▶ **WORK INSTRUCTION**
Quote the records below word for word, please, from the very first line through the one that contains "デッドグラマープロペラフェイ", and nothing beyond it.

▶ **EXCERPTED RECORDS**
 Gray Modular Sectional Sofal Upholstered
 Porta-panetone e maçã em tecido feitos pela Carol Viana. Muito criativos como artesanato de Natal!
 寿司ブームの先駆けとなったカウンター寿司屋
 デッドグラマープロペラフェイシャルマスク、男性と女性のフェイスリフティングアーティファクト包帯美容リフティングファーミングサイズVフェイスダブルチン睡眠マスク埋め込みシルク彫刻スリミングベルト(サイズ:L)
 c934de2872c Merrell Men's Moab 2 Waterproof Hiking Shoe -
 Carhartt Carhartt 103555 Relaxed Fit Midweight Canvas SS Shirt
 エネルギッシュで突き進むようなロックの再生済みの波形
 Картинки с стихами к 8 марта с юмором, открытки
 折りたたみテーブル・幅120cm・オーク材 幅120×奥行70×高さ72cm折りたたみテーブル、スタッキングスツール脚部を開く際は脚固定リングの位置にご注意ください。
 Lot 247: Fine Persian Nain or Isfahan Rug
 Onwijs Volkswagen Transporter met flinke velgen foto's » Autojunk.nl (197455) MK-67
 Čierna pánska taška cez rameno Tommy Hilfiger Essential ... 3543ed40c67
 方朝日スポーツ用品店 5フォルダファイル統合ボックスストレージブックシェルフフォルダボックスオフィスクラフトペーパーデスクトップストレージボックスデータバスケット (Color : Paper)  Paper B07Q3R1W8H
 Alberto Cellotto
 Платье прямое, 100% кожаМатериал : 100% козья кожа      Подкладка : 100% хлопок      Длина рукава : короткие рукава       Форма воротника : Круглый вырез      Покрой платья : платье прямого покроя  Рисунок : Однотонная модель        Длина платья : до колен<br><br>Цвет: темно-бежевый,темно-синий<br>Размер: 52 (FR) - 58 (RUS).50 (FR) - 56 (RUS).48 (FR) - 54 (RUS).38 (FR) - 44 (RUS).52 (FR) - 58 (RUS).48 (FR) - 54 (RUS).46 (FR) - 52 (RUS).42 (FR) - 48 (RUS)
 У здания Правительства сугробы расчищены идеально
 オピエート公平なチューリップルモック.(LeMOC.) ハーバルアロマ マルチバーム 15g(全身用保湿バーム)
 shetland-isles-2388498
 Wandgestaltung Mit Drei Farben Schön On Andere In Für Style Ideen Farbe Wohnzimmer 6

▶ **RESPONSE**
 Gray Modular Sectional Sofal Upholstered
 Porta-panetone e maçã em tecido feitos pela Carol Viana. Muito criativos como artesanato de Natal!
 寿司ブームの先駆けとなったカウンター寿司屋
 デッドグラマープロペラフェイシャルマスク、男性と女性のフェイスリフティングアーティファクト包帯美容リフティングファーミングサイズVフェイスダブルチン睡眠マスク埋め込みシルク彫刻スリミングベルト(サイズ:L)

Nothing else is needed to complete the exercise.